John B. Stacks’ rough year continued last week when his Mountain Pure operations were handed over to a new owner after a foreclosure auction on the steps of the Pulaski County Courthouse.
Clear Water Holdings LLC is the new proprietor, but we couldn’t find out too much information about the LLC.
Its registered agent is attorney R. Tom Hillis, a partner in the Tulsa law firm of Titus Hillis Reynolds Love Dickman & McCalmon P.C. He formed the LLC at the end of June.
We couldn’t reach Hillis last week to confirm this, but we’re told the person behind Clear Water is J. Scott Dickman, an attorney of counsel at the firm.
Back in March, as you may recall, Simmons First National Bank of Pine Bluff sued Stacks, Mountain Pure and related entities for defaulting on $16.5 million worth of loans originated by Metropolitan National Bank, which Simmons acquired a year ago.
As he was preparing for trial on federal criminal charges, Stacks reached a consent foreclosure decree in September for Mountain Pure’s Arkansas and Mississippi water bottling plants.
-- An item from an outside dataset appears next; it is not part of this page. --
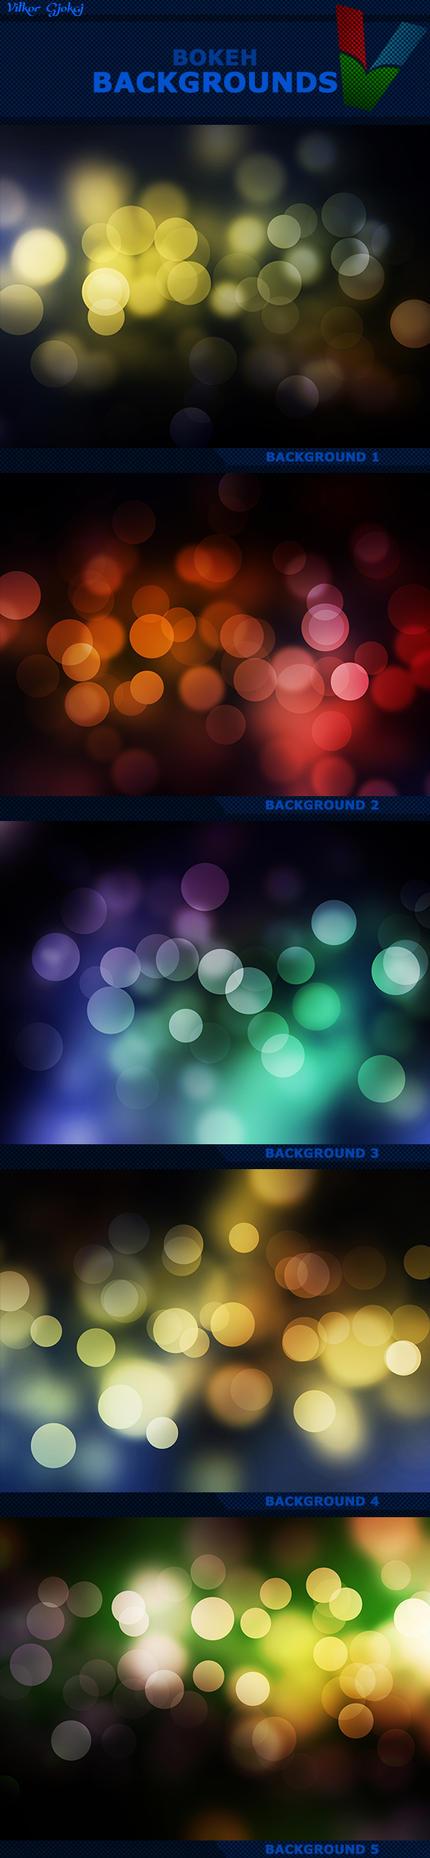 Bokeh Backgrounds by ViktorGjokaj
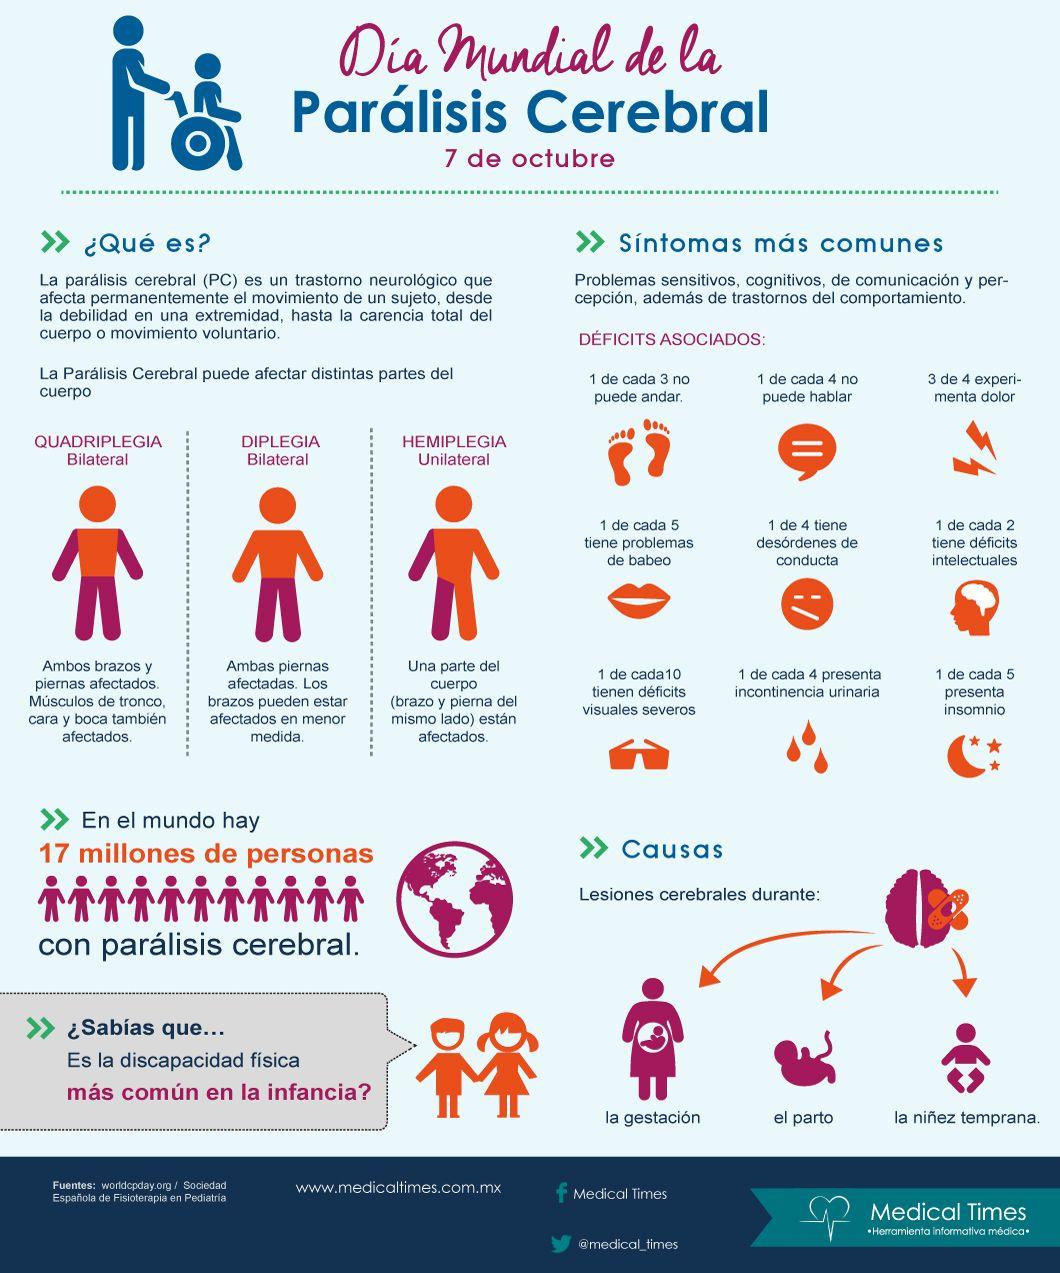 Día Mundial de la Parálisis Cerebral, Medical Times , Infografía ...

In exchange for settling the case, Stacks got to keep his Texas water bottling plant, Mountain Pure Texas, and some other assets.
Earlier this month, Clear Water bought the foreclosure decree and then went to the foreclosure sale on Oct. 16 with a $6 million bid for Mountain Pure’s Arkansas assets.
The order confirming the sale was signed last Tuesday by Pulaski County Circuit Judge Mackie Pierce.
Mountain Pure’s Mississippi property is in the foreclosure process, expected to be final in the next two weeks.
Meanwhile …
Meanwhile, Stacks was convicted on seven federal charges on Oct. 9 — three counts of wire fraud, three counts of making false statements and one count of making a false and fraudulent claim.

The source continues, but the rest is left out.